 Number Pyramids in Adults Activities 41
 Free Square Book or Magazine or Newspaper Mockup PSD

——————

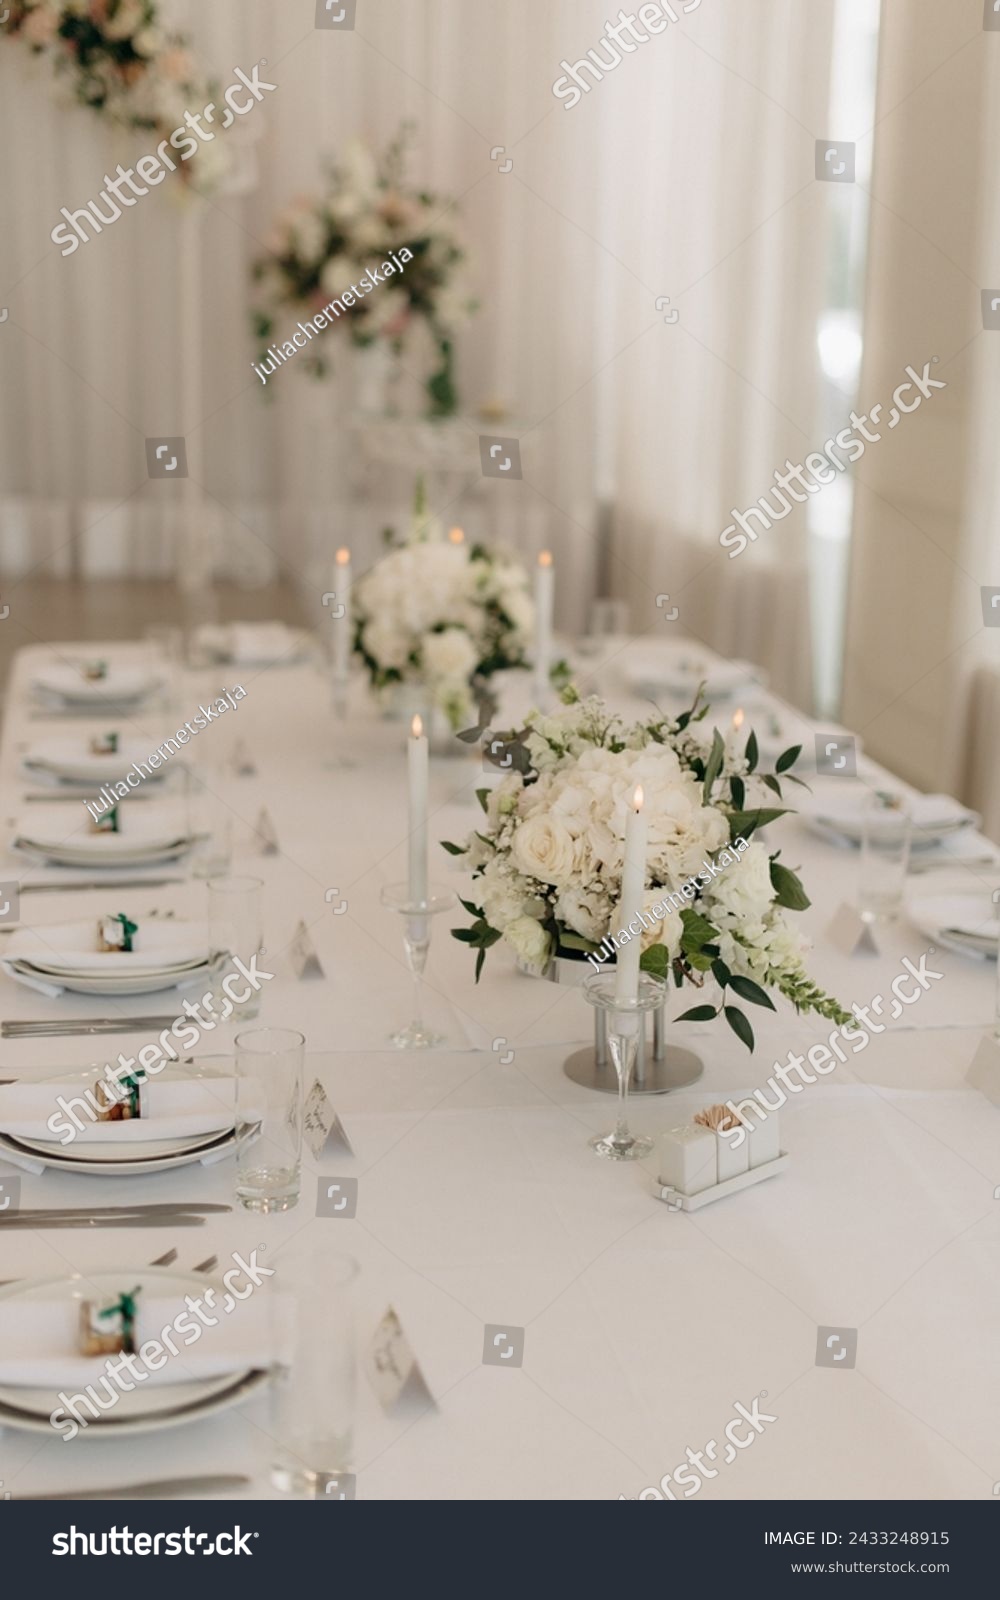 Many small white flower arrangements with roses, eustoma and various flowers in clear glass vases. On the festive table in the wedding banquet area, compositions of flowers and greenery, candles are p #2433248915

——————

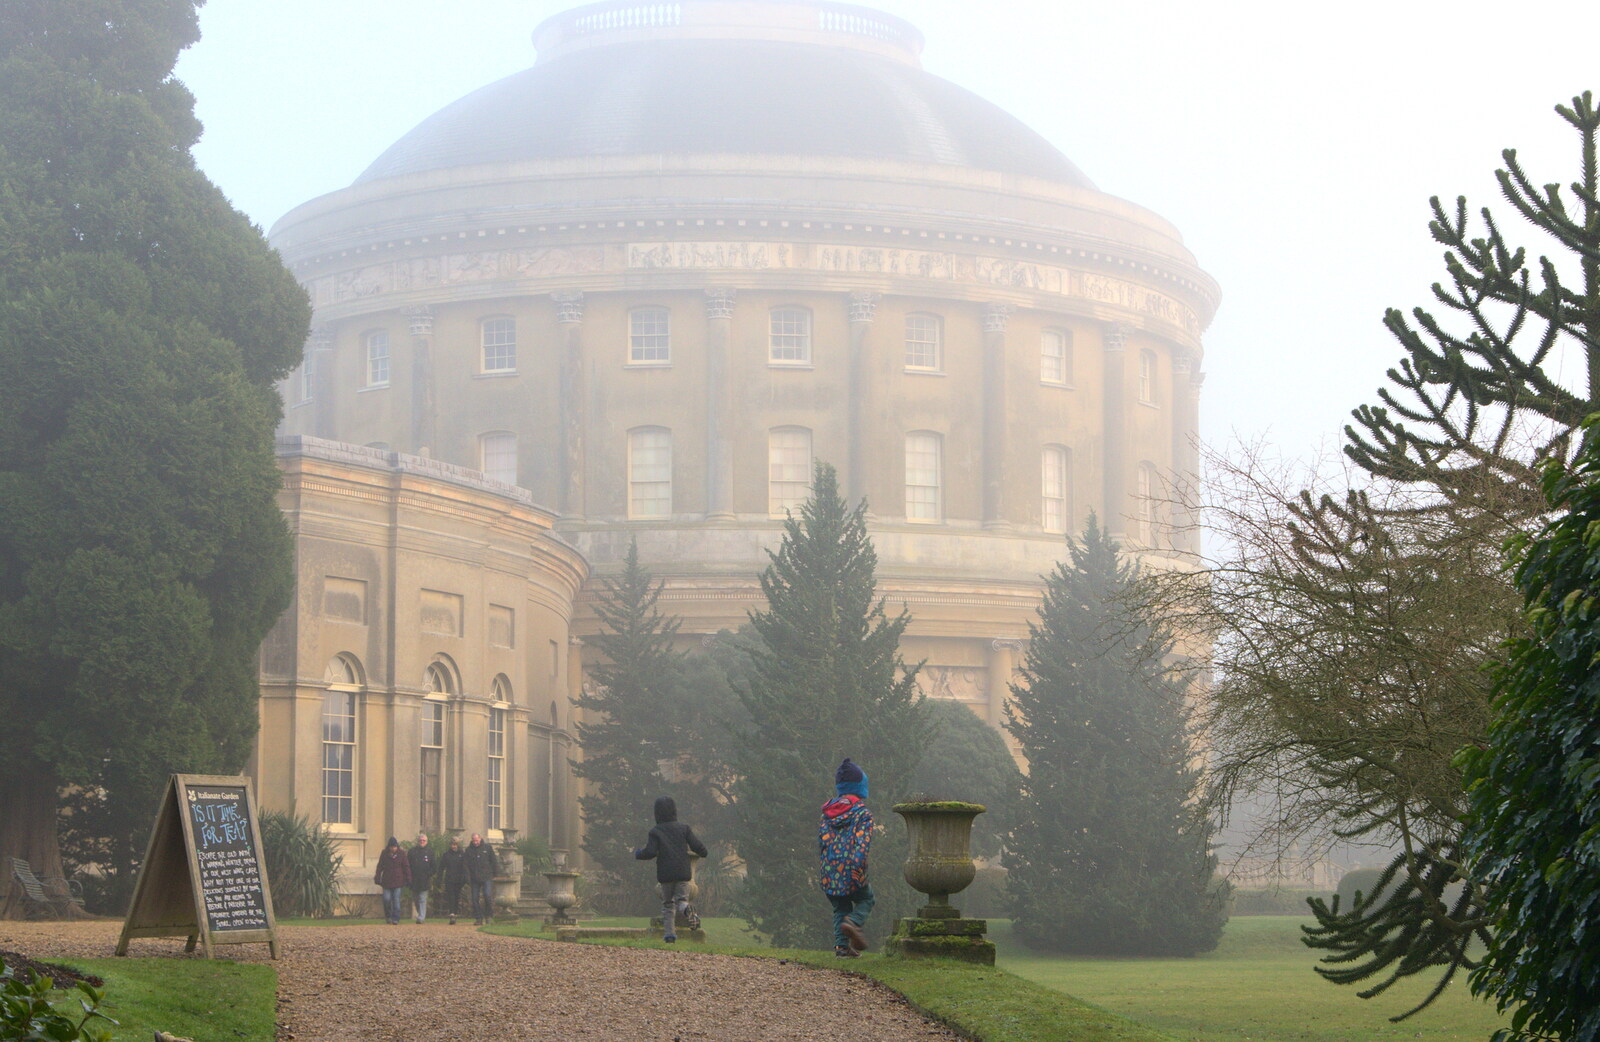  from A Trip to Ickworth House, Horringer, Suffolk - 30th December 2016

——————

#### WHAT THE TASK REQUIRES
I'd like the lines above from the one with "Number Pyramids in Adults Activities 41" up to and including the one with "Free Square Book" copied exactly, with no other lines.

#### TASK RESPONSE
 Number Pyramids in Adults Activities 41
 Free Square Book or Magazine or Newspaper Mockup PSD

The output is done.